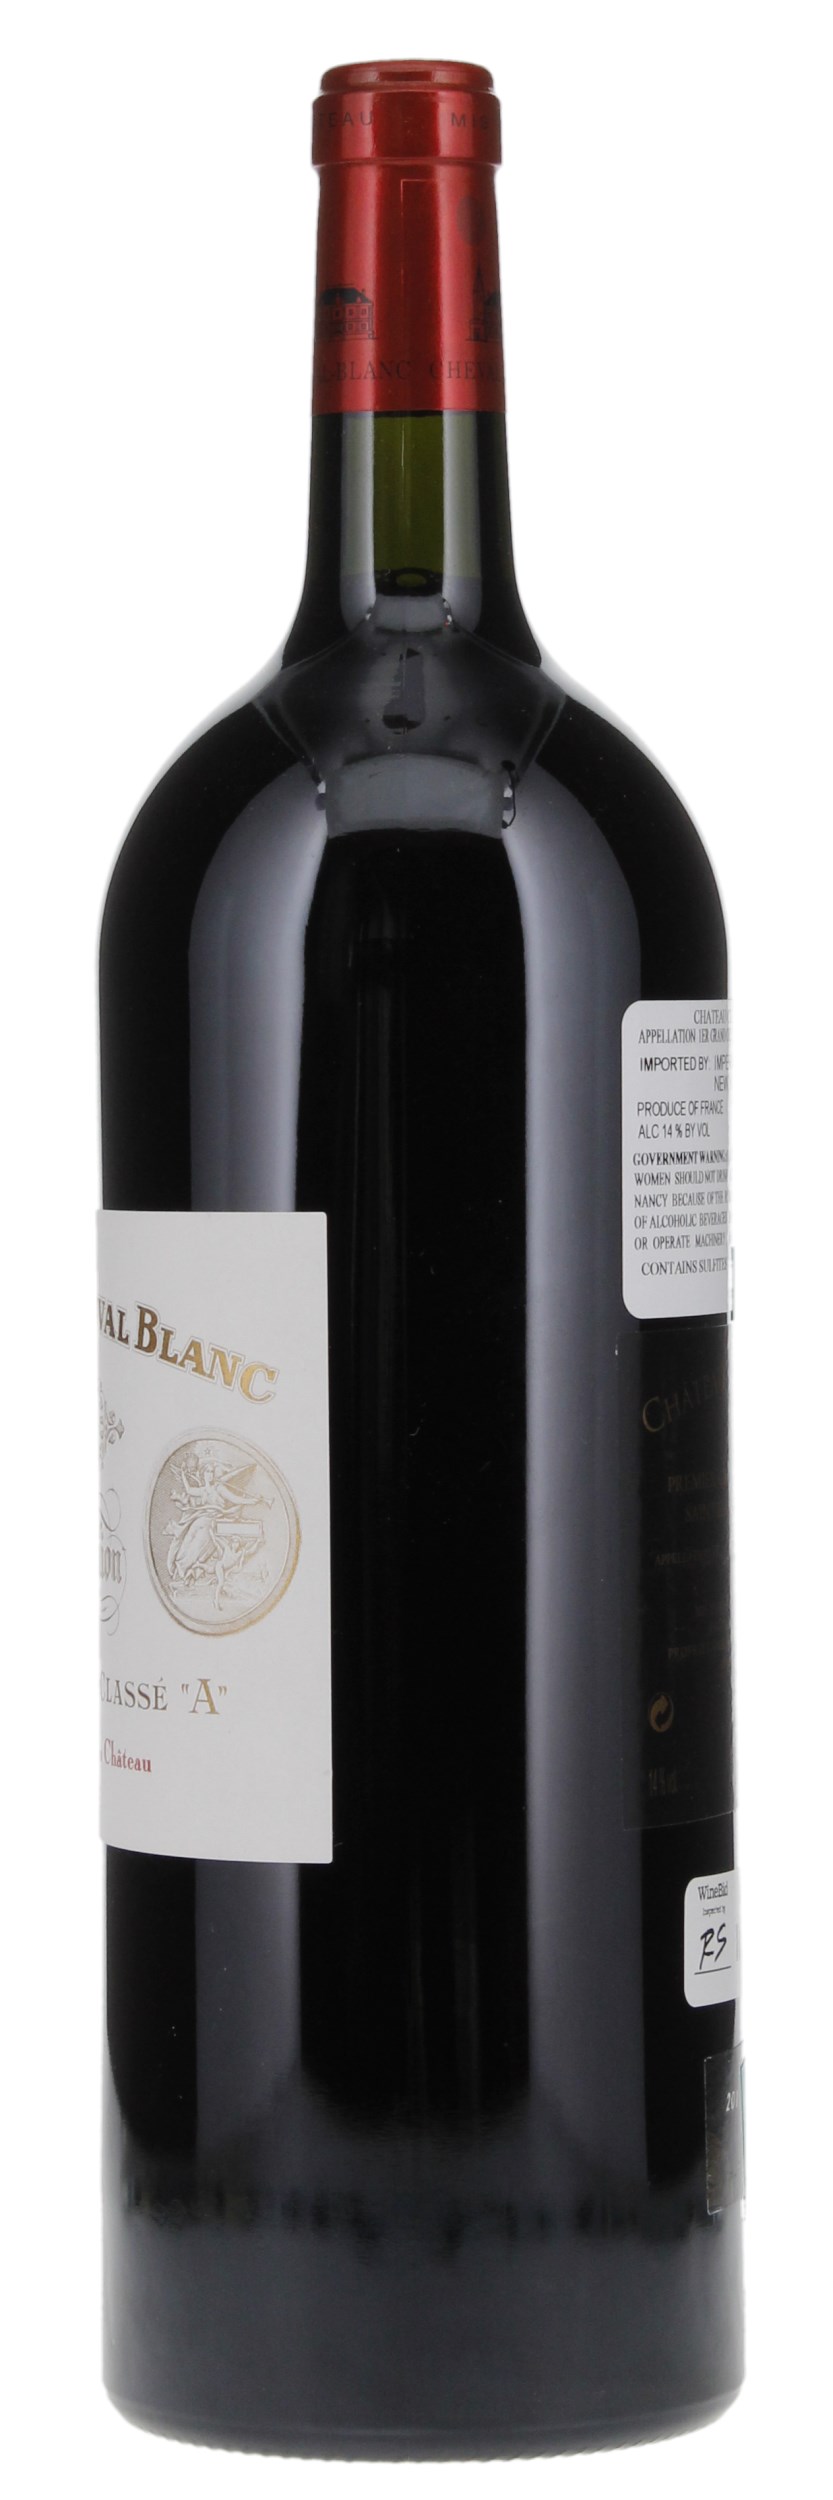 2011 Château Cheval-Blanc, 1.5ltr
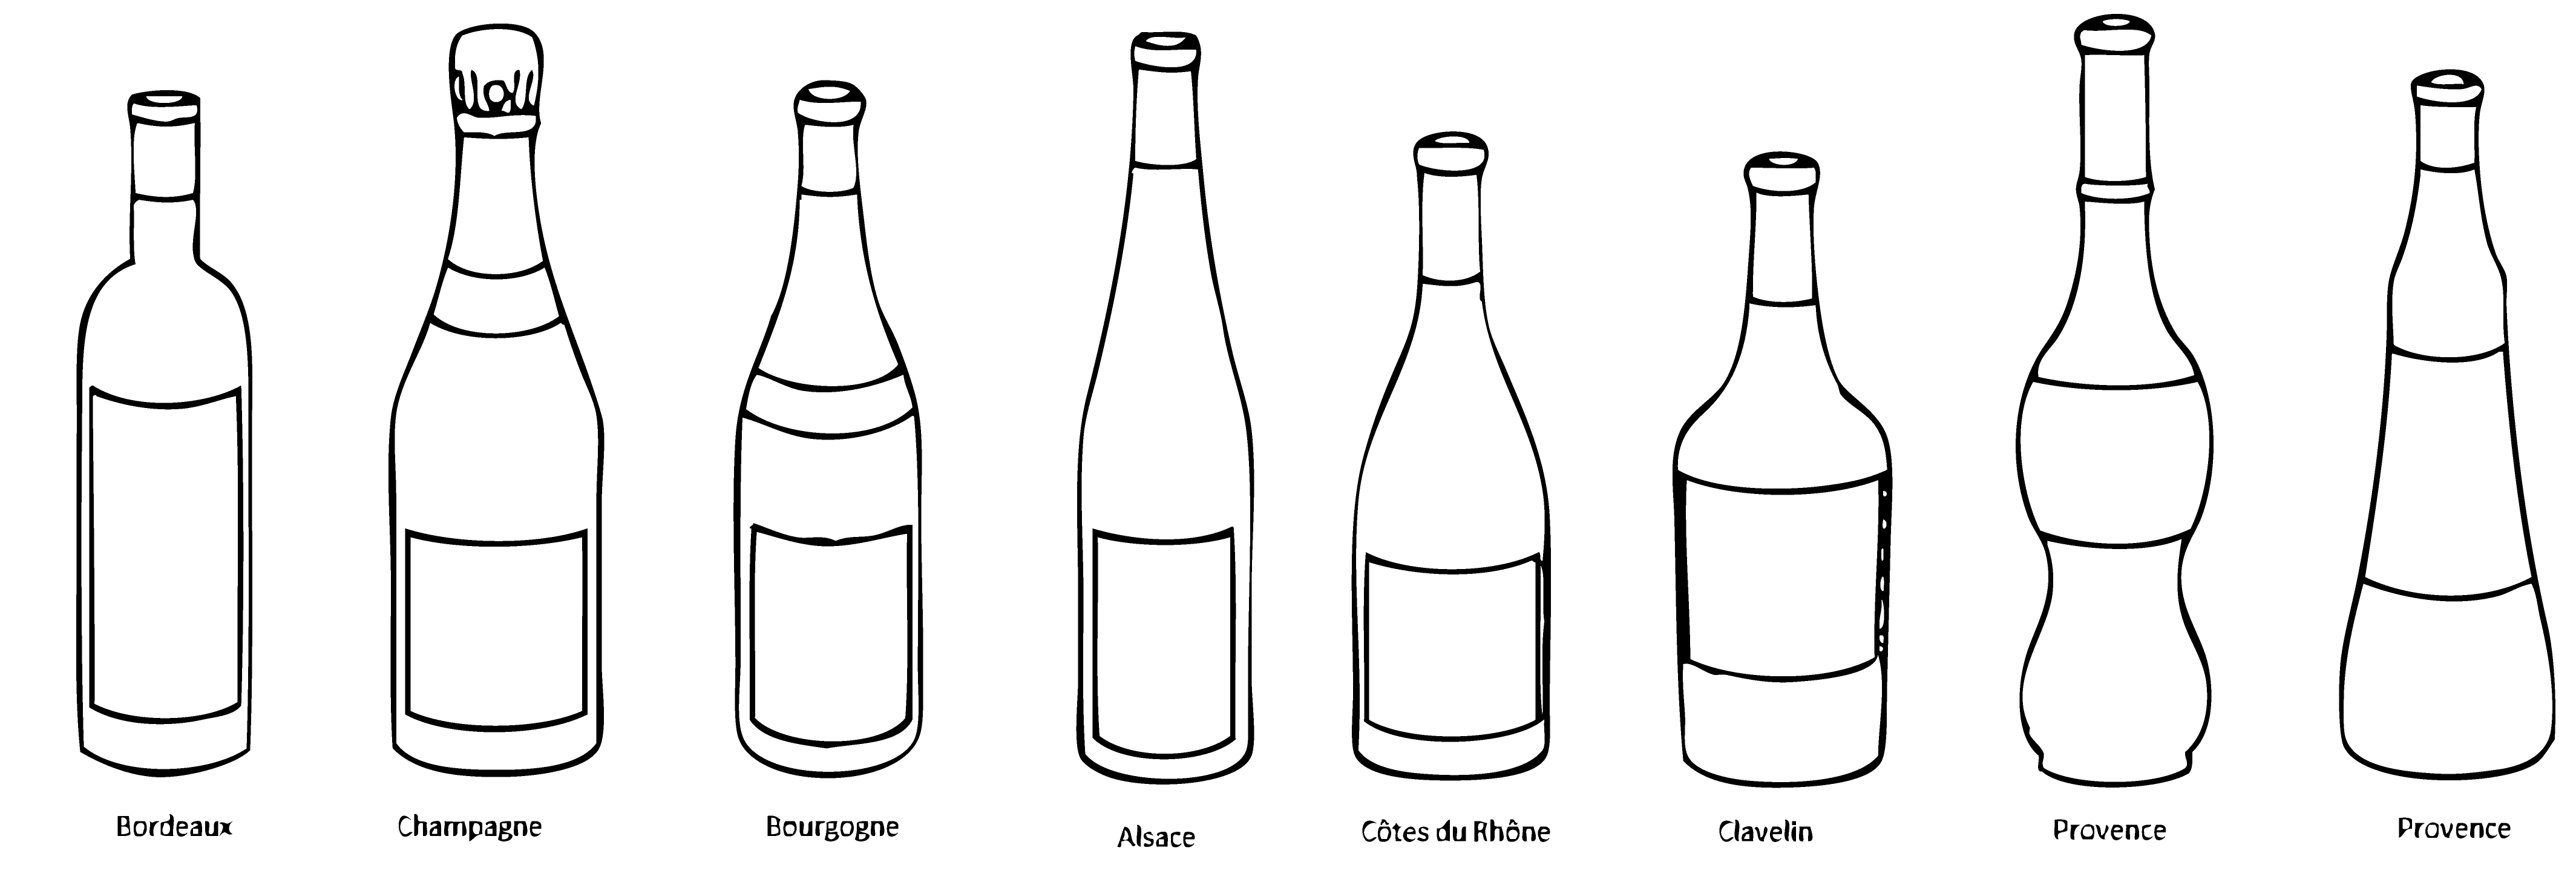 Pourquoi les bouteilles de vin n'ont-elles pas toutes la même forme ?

···

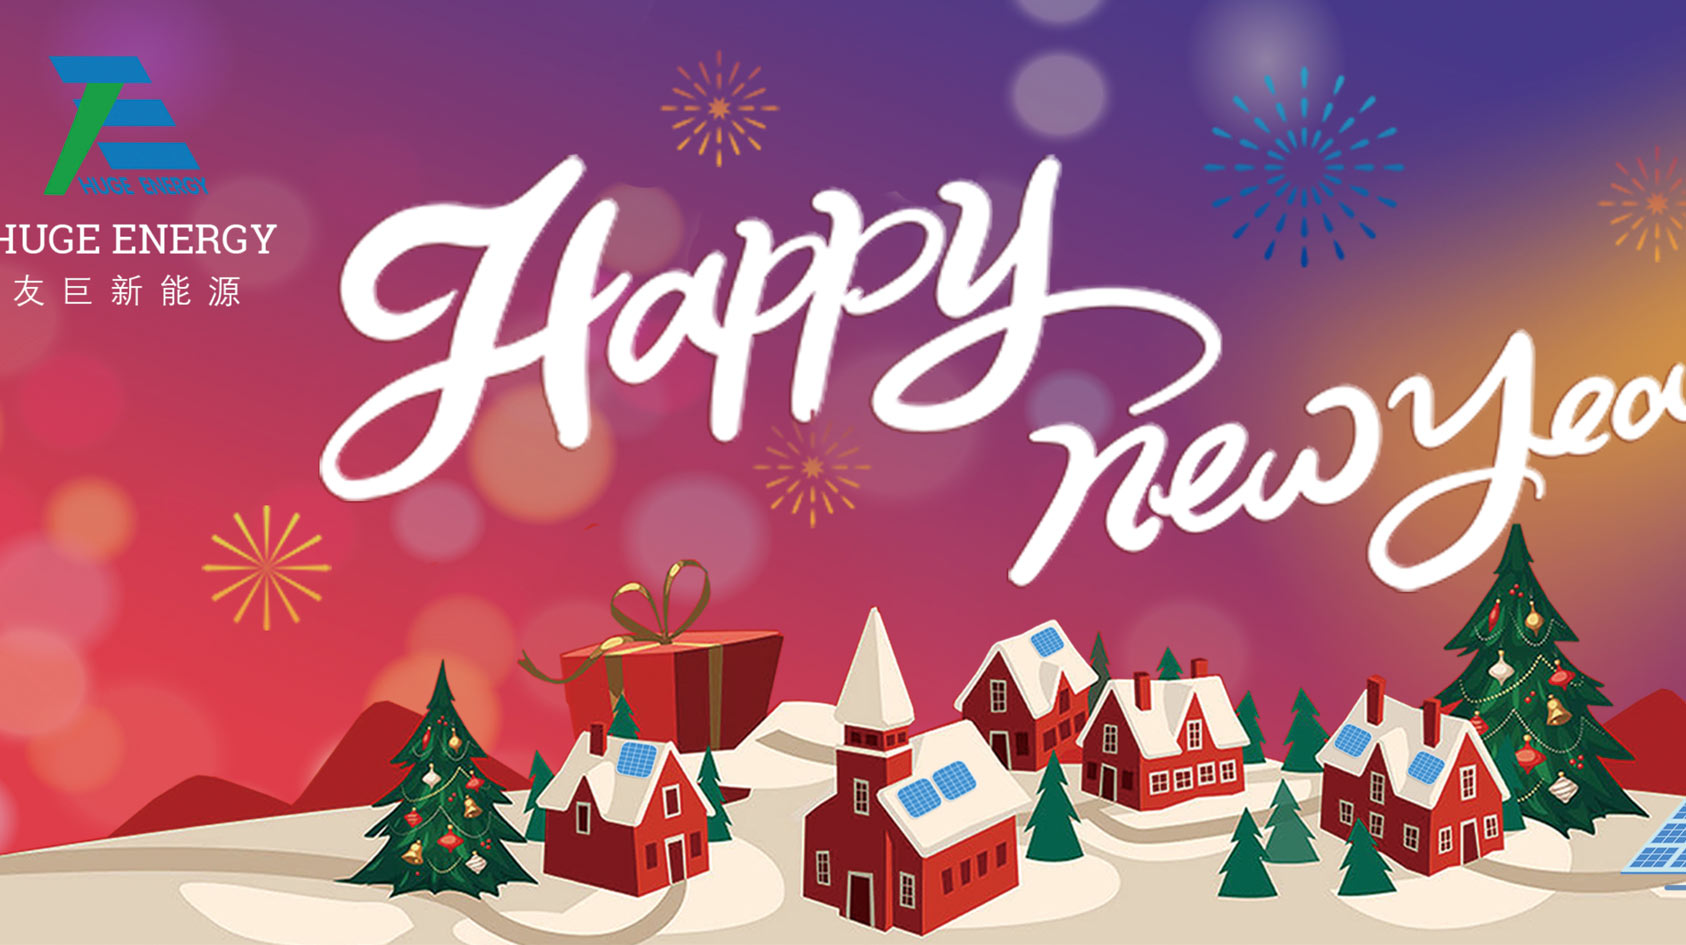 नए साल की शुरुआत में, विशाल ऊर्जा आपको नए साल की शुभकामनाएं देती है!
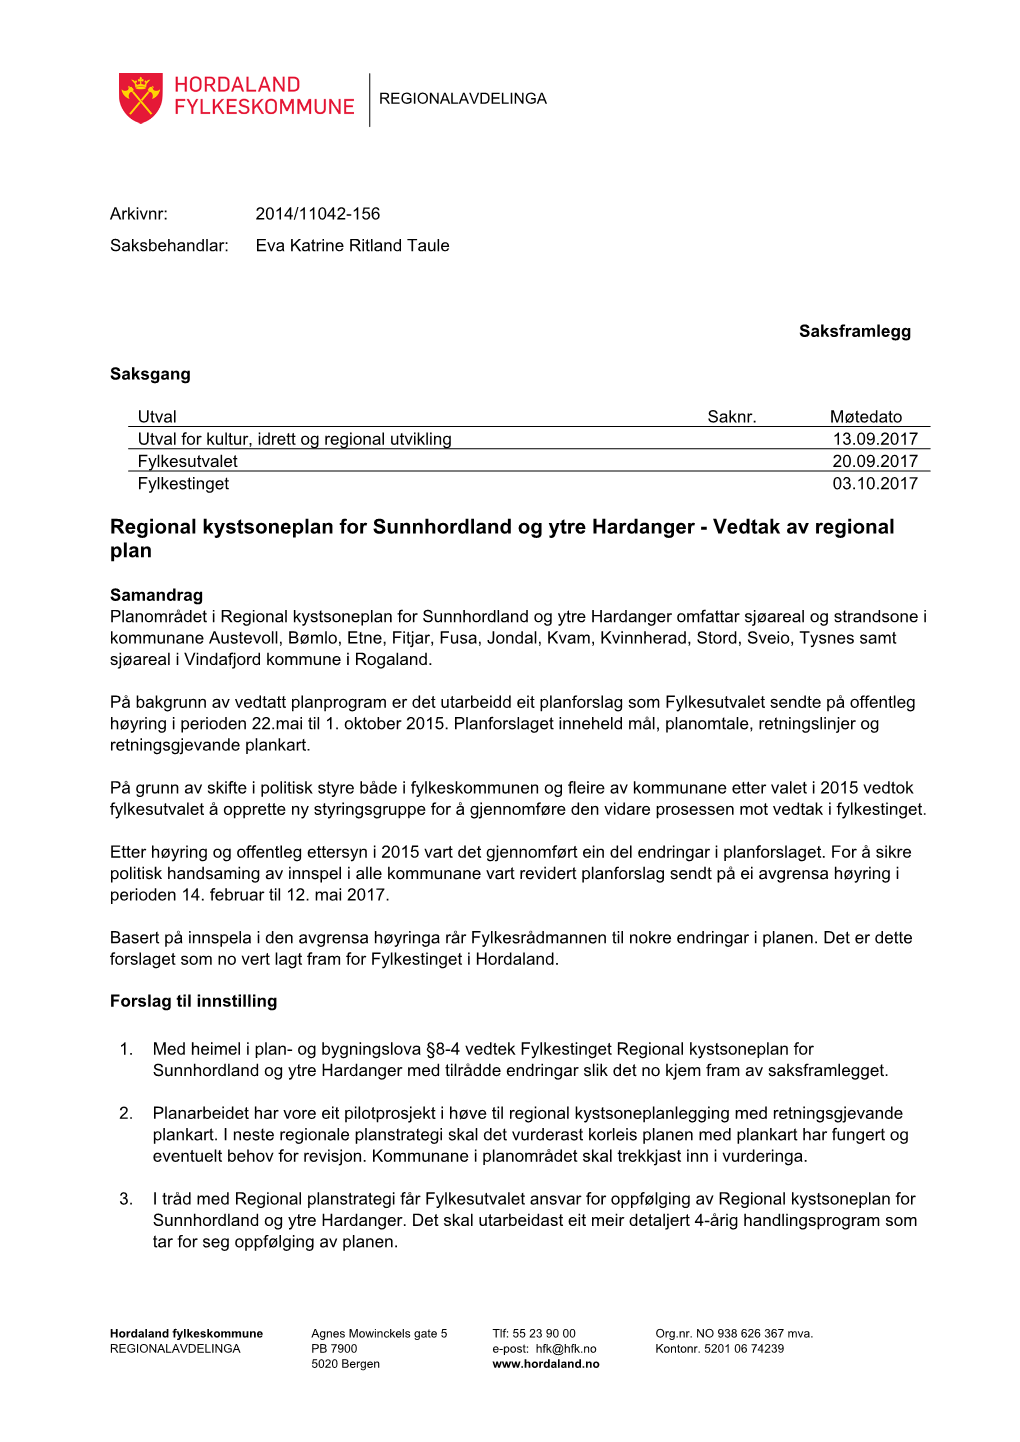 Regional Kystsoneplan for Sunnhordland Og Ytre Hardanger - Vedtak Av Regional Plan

···

Pictures aside, print exactly the lines above starting with the one containing "2011 Château Cheval-Blanc, 1.5ltr" and going on through the one containing "Pourquoi les bouteilles".

- EXERCISE RESPONSE
 2011 Château Cheval-Blanc, 1.5ltr
 Pourquoi les bouteilles de vin n'ont-elles pas toutes la même forme ?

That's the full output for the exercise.